Коротко и по существу — набор экспериментальных подходов и примерный порядок действий для идентификации и характеристики ранее неизвестного микроорганизма из почвы.
1. Подготовка и предварительная обработка образца
- Просеивание, удаление крупных частиц, суспендирование в буфере, серийные разведения (например, $10^{-1}$, $10^{-2}$, $10^{-3}$).
- Контроль контаминации и использование отрицательных контролей.
2. Микроскопия и окраски
- Световая микроскопия: морфология клетки (палочки, кокки, спирали).
- Окраска по Граму (Gram) — базовая классификация.
- Флуоресцентная микроскопия/DAPI для подсчёта клеток.
- Электронная микроскопия (SEM/TEM) — ультраструктура.
3. Классические культурные методы
- Посев на разнообразные среды (непосредственно богатые и селективные) — попытка выделить в чистую культуру.
- Изменение условий роста: температура (например, $4-37^{\circ }\mathrm{C}$), рН, аэробность/анаэробность, солёность.
- Обогащение по предполагаемой метаболической особенности (C-, N-источники).
4. Морфология колоний и физиологические тесты
- Описание колоний (цвет, форма, текстура).
- Биохимические тесты: каталаза, оксидаза, сахарная ферментация, ферментативные тесты (API, VITEK).
- Профили роста по pH, температуре, солености; устойчивость к антибиотикам.
5. Мас-спектрометрия (MALDI-TOF MS)
- Быстрая идентификация по белковому «отпечатку» при наличии библиотек; полезна для известных видов.
6. Молекулярная идентификация (ключевой этап)
- Экстракция ДНК из изолята (и/или прям из образца).
- Амплификация и секвенирование гена $16S$-рРНК (бактерии) или ITS (грибы) — первая таксономическая привязка.
- Пороговые значения: сходство $16S$ > $97\%$ обычно указывает на род, > $98.7\%$–$99\%$ — возможный тот же вид (но требует подтверждения).
- Если культивируем, секвенирование полной геномной ДНК (WGS) для точной идентификации и анализа функций.
7. Геномный анализ
- Сборка и аннотация генома; расчет ANI (average nucleotide identity) — граница вида примерно $95\%-96\%$.

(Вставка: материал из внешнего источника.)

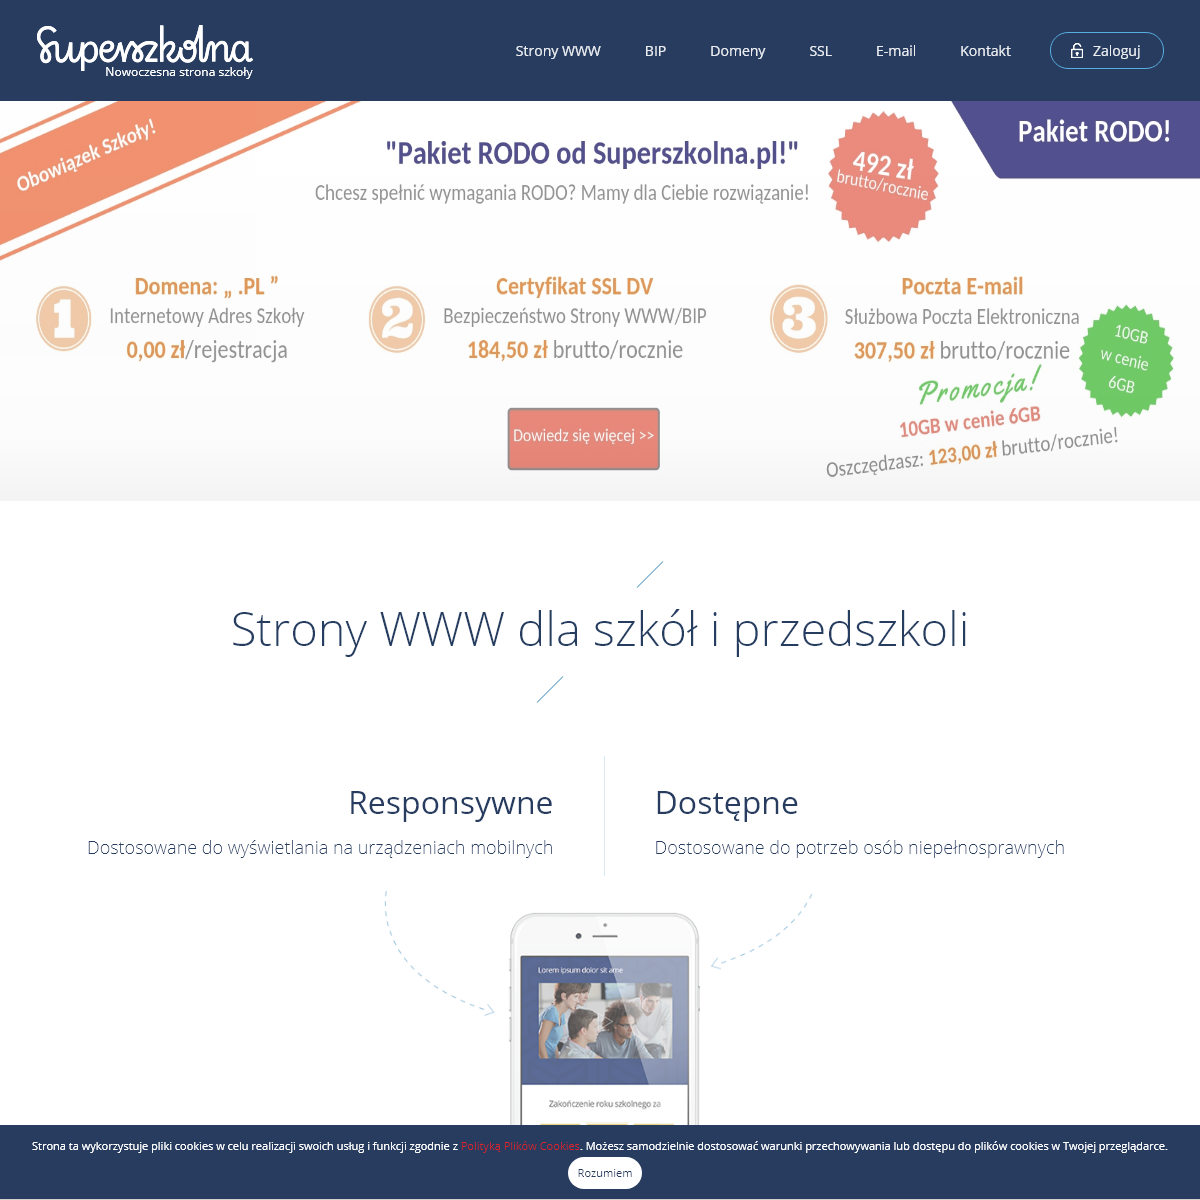 A complete backup of superszkolna.pl

- Поиск генов метаболизма, патогенности, антибиотикорезистентности, плазмидов.
8. Метагеномика / ампликонный секвенинг (если культивирование не удалось)
- Ампликонный $16S$/ITS-секвенинг для определения состава сообщества.
- Шотган-метагеномика для получения генетической информации о ненастолько упорядоченных микроорганизмах и функций.
9. Функциональные и физиологические характеристики
- Подтверждение метаболических путей: тесты на использование субстратов (Biolog), дыхательные/ферментативные профили.
- Стабильный изотопный трекинг (SIP) для установления участия в переработке конкретных субстратов.
- Измерение продукции метаболитов (GC–MS, LC–MS), токсинов, ферментов.
10. Протеомика и транскриптомика
- MS-протеомика для подтверждения белковых наборов.
- RNA-seq для оценки экспрессии генов при разных условиях.
11. Альтернативные подходы для некультивируемых клеток
- Флуоресцентная гибридизация in situ (FISH) для локализации и идентификации в матрице почвы.
- Одноклеточная геномика (single-cell genomics) — секвенирование изолированных клеток.
- Культуру-независимые методы (целевые гены, qPCR) для оценки распространённости/абунданса.
12. Таксономическое оформление (при обнаружении нового вида)
- Комплекс фенотипических, генетических и биохимических данных.
- Сравнение с типовыми штаммами; публикация описания по правилам (если новый вид).
Рекомендованный рабочий порядок (кратко): микроскопия + Gram → попытки культивирования при разных условиях → молекулярная идентификация ($16S$/ITS) → при удаче — WGS и фенотипирование → функциональные тесты (метаболизм, ферменты, устойчивость).